*Exercise goal:*
This exercise calls for retyping every line below exactly, with the images omitted.

*Data shown:*
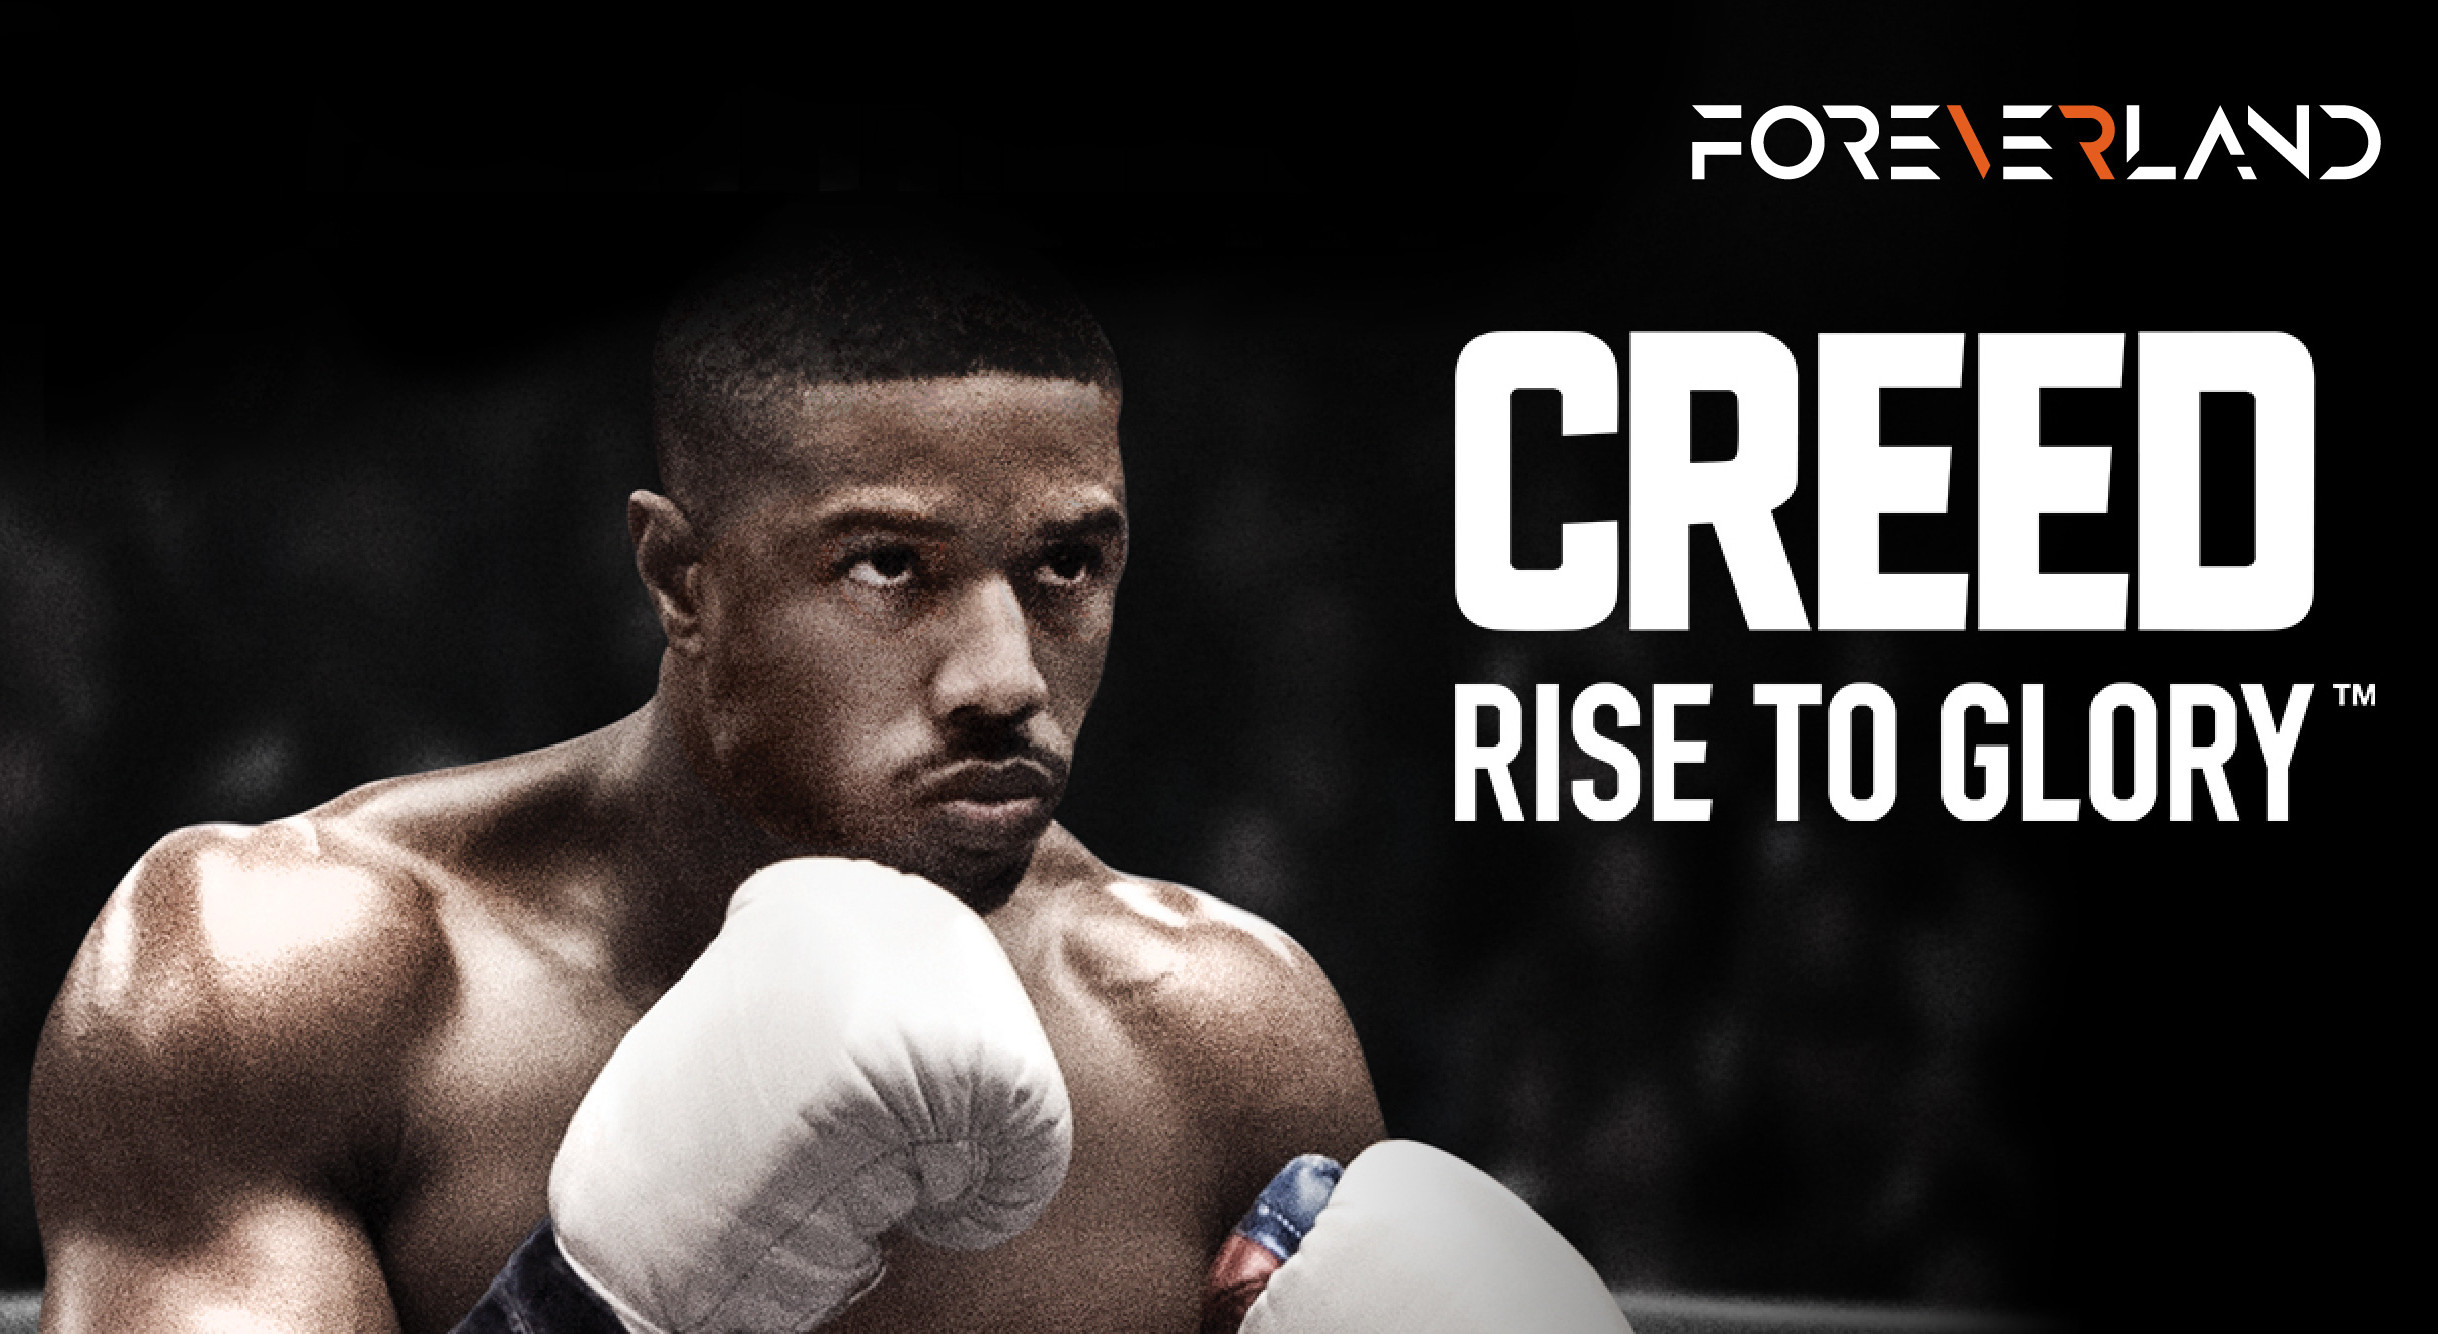 Rise to glory vr. Creed Rise to Glory. Creed VR. Creed VR игра. Меню Creed: Rise to Glory.
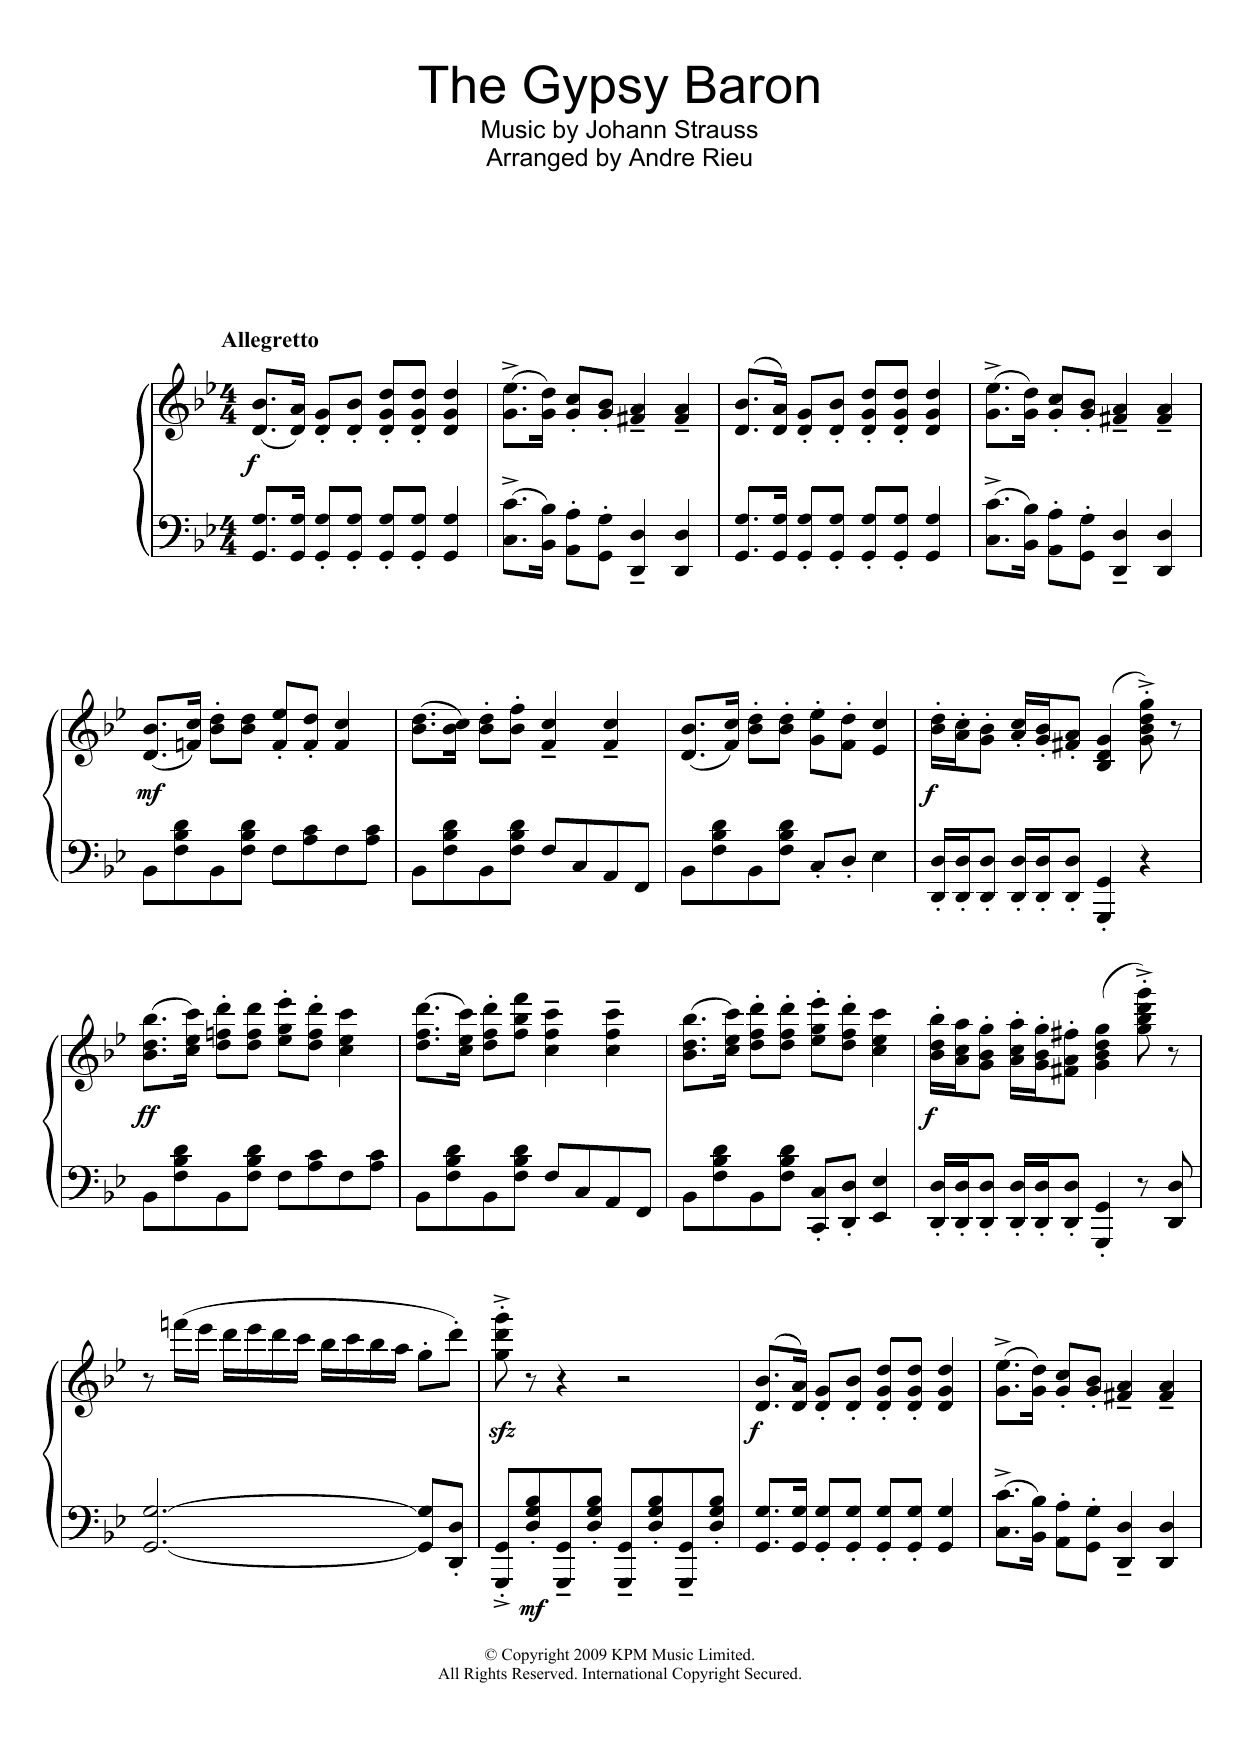 Andre Rieu The Gypsy Baron sheet music notes and chords. Download Printable PDF.
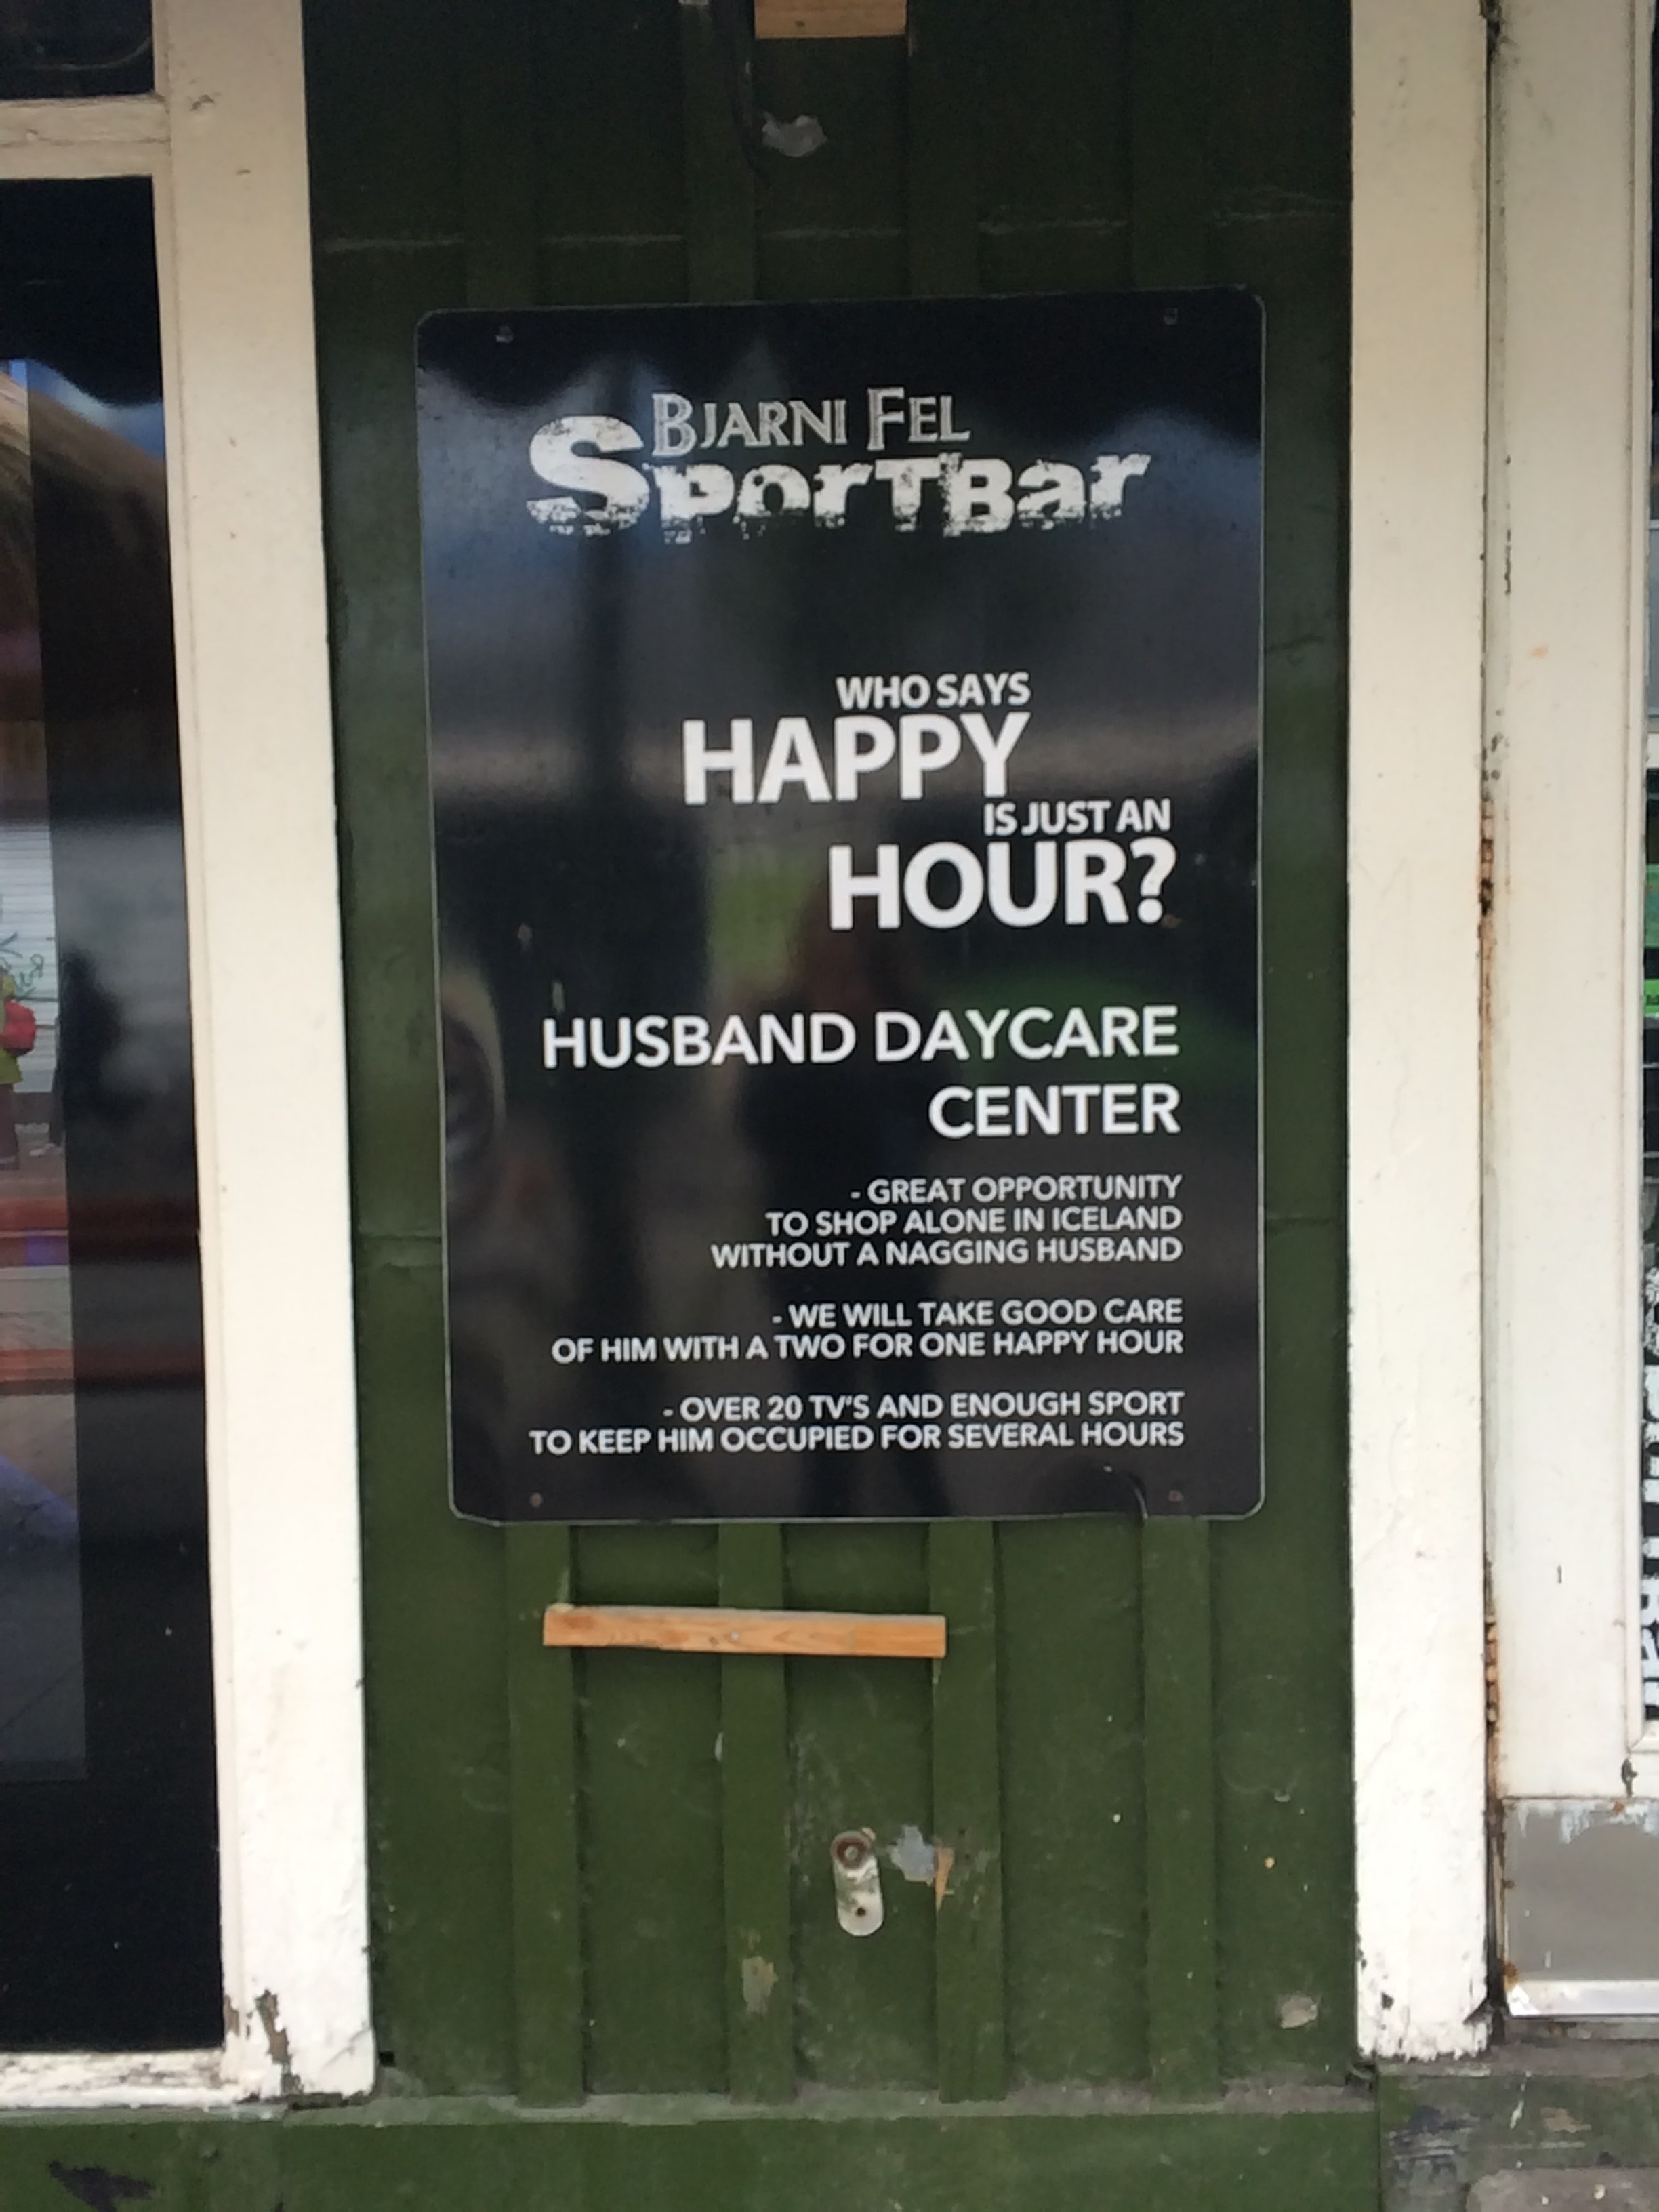 bar that advertises itself as a &quot;husband daycare center&quot;

*Task answer:*
 Rise to glory vr. Creed Rise to Glory. Creed VR. Creed VR игра. Меню Creed: Rise to Glory.
 Andre Rieu The Gypsy Baron sheet music notes and chords. Download Printable PDF.
 bar that advertises itself as a &quot;husband daycare center&quot;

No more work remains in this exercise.